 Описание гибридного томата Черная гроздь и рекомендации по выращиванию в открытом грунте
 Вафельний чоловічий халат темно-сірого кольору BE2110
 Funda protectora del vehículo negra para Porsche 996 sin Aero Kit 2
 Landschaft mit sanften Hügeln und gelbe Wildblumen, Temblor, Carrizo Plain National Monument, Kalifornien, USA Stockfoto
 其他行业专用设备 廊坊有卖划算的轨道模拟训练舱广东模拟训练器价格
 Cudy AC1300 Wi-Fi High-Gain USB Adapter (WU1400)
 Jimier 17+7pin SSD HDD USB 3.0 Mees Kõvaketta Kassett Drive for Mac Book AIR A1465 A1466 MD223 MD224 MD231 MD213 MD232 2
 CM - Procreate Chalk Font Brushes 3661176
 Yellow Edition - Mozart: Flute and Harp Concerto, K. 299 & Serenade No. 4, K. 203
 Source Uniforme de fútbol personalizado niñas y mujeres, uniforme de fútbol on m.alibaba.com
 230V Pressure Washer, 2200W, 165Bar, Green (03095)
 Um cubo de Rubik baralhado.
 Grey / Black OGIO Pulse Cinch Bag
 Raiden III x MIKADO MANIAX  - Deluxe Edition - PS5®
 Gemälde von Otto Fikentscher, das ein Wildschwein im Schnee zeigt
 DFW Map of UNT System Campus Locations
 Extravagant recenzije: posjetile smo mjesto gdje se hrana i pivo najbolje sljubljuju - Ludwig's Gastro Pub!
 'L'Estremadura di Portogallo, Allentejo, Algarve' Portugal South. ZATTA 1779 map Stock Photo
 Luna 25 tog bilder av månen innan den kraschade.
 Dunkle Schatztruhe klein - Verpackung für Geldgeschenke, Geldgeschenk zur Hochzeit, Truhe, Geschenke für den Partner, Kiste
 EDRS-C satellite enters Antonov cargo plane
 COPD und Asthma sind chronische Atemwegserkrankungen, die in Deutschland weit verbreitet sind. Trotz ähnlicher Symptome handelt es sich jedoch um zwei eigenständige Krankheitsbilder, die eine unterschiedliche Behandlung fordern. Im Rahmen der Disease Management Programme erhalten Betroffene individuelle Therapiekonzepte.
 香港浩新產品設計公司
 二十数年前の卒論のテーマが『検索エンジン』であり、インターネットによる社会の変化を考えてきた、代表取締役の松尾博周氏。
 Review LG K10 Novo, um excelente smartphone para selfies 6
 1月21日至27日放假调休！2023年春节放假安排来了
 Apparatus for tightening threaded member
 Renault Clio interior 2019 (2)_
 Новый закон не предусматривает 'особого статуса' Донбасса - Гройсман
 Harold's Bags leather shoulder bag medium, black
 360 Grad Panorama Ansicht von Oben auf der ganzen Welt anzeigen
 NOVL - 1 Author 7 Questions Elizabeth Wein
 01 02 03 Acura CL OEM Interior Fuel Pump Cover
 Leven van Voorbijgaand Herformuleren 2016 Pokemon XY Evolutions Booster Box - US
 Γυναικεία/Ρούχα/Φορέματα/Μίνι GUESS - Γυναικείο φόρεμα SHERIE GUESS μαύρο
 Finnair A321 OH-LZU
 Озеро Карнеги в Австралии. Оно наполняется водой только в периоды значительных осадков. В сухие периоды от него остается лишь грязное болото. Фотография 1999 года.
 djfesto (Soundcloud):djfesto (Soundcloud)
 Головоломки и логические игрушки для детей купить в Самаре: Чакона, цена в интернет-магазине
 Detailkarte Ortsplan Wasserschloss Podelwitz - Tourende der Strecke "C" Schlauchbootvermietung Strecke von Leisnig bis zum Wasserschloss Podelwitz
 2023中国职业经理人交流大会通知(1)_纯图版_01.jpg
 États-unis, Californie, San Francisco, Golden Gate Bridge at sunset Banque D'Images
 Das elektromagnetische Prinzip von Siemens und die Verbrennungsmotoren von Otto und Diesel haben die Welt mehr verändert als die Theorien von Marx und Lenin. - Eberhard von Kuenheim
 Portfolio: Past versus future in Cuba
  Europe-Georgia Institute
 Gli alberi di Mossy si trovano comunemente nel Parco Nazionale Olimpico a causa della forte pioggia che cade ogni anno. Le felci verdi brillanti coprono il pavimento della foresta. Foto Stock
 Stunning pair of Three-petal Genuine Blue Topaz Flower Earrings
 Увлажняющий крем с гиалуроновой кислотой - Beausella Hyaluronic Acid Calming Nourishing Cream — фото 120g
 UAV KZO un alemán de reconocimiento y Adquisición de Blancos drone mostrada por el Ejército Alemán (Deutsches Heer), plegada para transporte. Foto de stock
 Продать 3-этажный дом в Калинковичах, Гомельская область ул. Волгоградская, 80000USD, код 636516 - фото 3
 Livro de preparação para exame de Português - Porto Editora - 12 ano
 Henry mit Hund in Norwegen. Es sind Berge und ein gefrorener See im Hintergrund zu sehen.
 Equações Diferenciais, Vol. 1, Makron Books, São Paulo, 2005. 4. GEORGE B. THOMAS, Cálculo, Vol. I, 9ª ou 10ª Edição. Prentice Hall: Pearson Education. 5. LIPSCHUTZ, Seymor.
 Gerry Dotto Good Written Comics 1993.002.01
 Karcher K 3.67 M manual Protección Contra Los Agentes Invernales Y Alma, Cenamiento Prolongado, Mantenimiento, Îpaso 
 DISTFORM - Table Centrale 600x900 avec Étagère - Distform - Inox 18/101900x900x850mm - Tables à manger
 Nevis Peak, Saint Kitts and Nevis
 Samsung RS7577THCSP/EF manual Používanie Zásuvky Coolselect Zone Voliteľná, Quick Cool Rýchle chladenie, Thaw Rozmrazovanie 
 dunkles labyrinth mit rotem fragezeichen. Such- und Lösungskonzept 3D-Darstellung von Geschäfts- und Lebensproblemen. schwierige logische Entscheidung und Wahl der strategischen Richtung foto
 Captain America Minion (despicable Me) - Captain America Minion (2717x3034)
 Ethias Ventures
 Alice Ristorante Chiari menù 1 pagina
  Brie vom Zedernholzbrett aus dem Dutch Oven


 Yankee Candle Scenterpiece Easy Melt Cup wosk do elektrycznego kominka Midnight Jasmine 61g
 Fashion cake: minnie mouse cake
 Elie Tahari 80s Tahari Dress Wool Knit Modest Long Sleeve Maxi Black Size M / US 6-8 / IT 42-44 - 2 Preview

★ ★ ★ ★ ★

→ **WHAT IS BEING ASKED**
Repeat exactly the lines above from the one with "Landschaft mit sanften" up to and including the one with "Extravagant recenzije: posjetile". No other line belongs in the reply.

→ **COMPLETED TASK**
 Landschaft mit sanften Hügeln und gelbe Wildblumen, Temblor, Carrizo Plain National Monument, Kalifornien, USA Stockfoto
 其他行业专用设备 廊坊有卖划算的轨道模拟训练舱广东模拟训练器价格
 Cudy AC1300 Wi-Fi High-Gain USB Adapter (WU1400)
 Jimier 17+7pin SSD HDD USB 3.0 Mees Kõvaketta Kassett Drive for Mac Book AIR A1465 A1466 MD223 MD224 MD231 MD213 MD232 2
 CM - Procreate Chalk Font Brushes 3661176
 Yellow Edition - Mozart: Flute and Harp Concerto, K. 299 & Serenade No. 4, K. 203
 Source Uniforme de fútbol personalizado niñas y mujeres, uniforme de fútbol on m.alibaba.com
 230V Pressure Washer, 2200W, 165Bar, Green (03095)
 Um cubo de Rubik baralhado.
 Grey / Black OGIO Pulse Cinch Bag
 Raiden III x MIKADO MANIAX  - Deluxe Edition - PS5®
 Gemälde von Otto Fikentscher, das ein Wildschwein im Schnee zeigt
 DFW Map of UNT System Campus Locations
 Extravagant recenzije: posjetile smo mjesto gdje se hrana i pivo najbolje sljubljuju - Ludwig's Gastro Pub!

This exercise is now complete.